• [Supplied data]
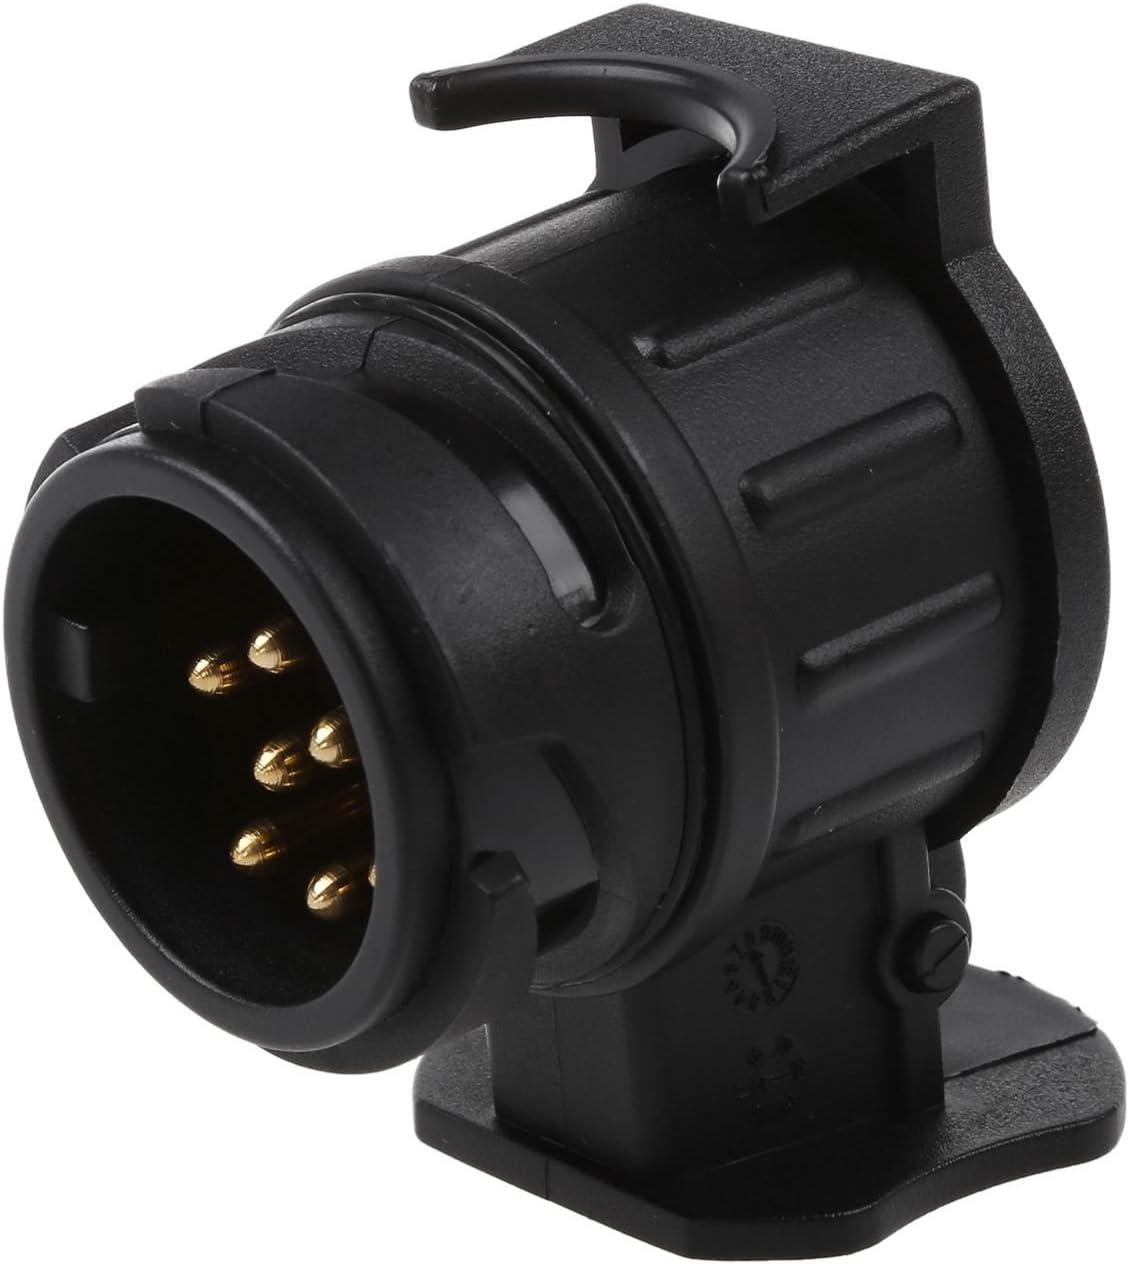 MagiDeal 13 Broches 12v Convertisseur /électrique Remorque Caravane Plug Socket Adaptateur Connecteur
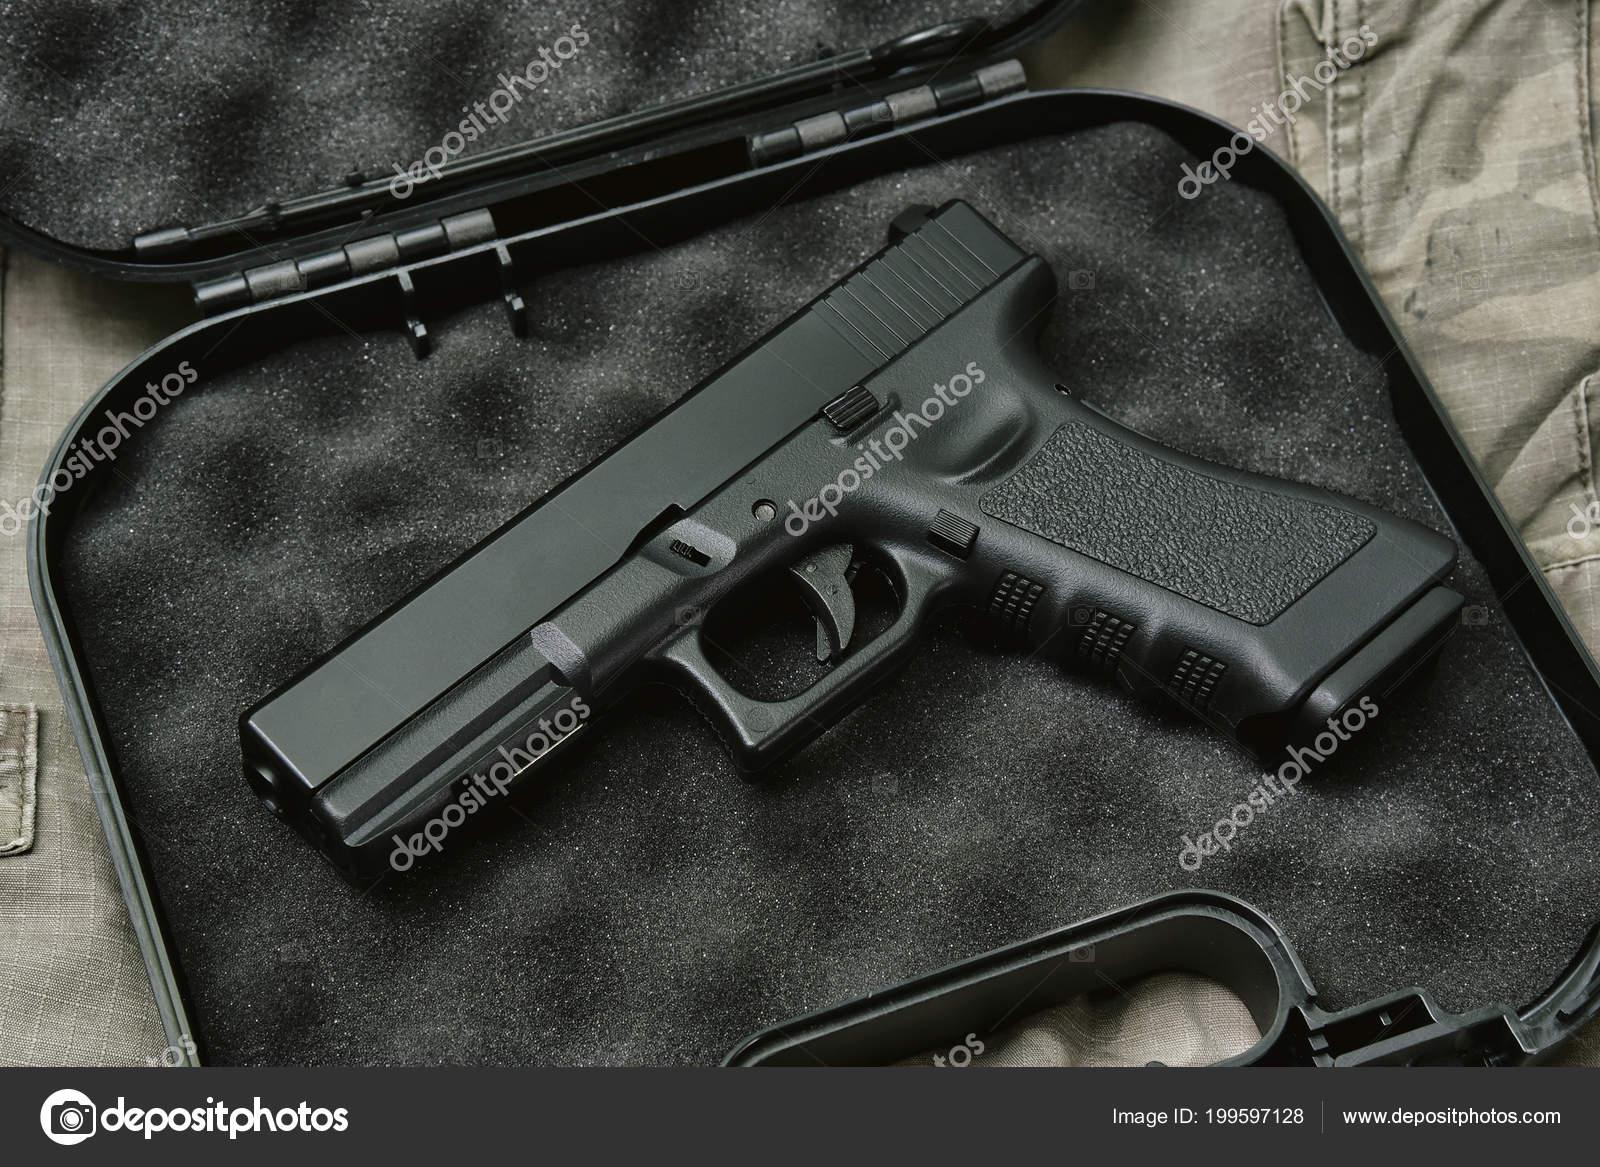 Pistol 9Mm Gun Weapon Series Police Handgun Close Camouflage
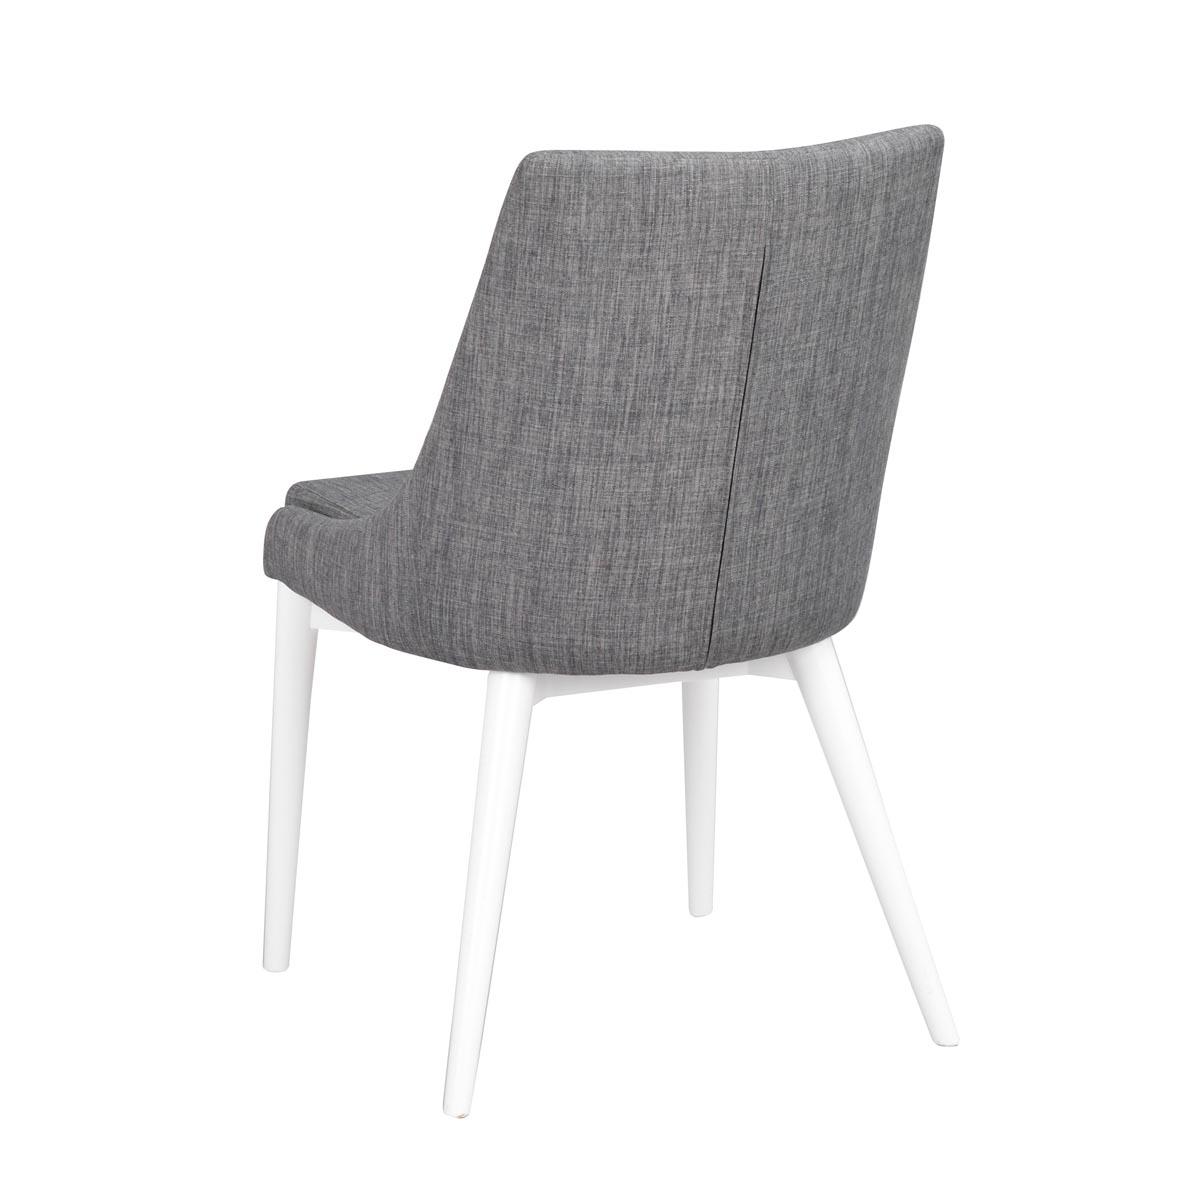 Bea-stol-mörkgrått-tyg_vitR-118320_d

• [Instructions to follow] Every line in the data above needs to be given again exactly, pictures aside.

• [Task output]
 MagiDeal 13 Broches 12v Convertisseur /électrique Remorque Caravane Plug Socket Adaptateur Connecteur
 Pistol 9Mm Gun Weapon Series Police Handgun Close Camouflage
 Bea-stol-mörkgrått-tyg_vitR-118320_d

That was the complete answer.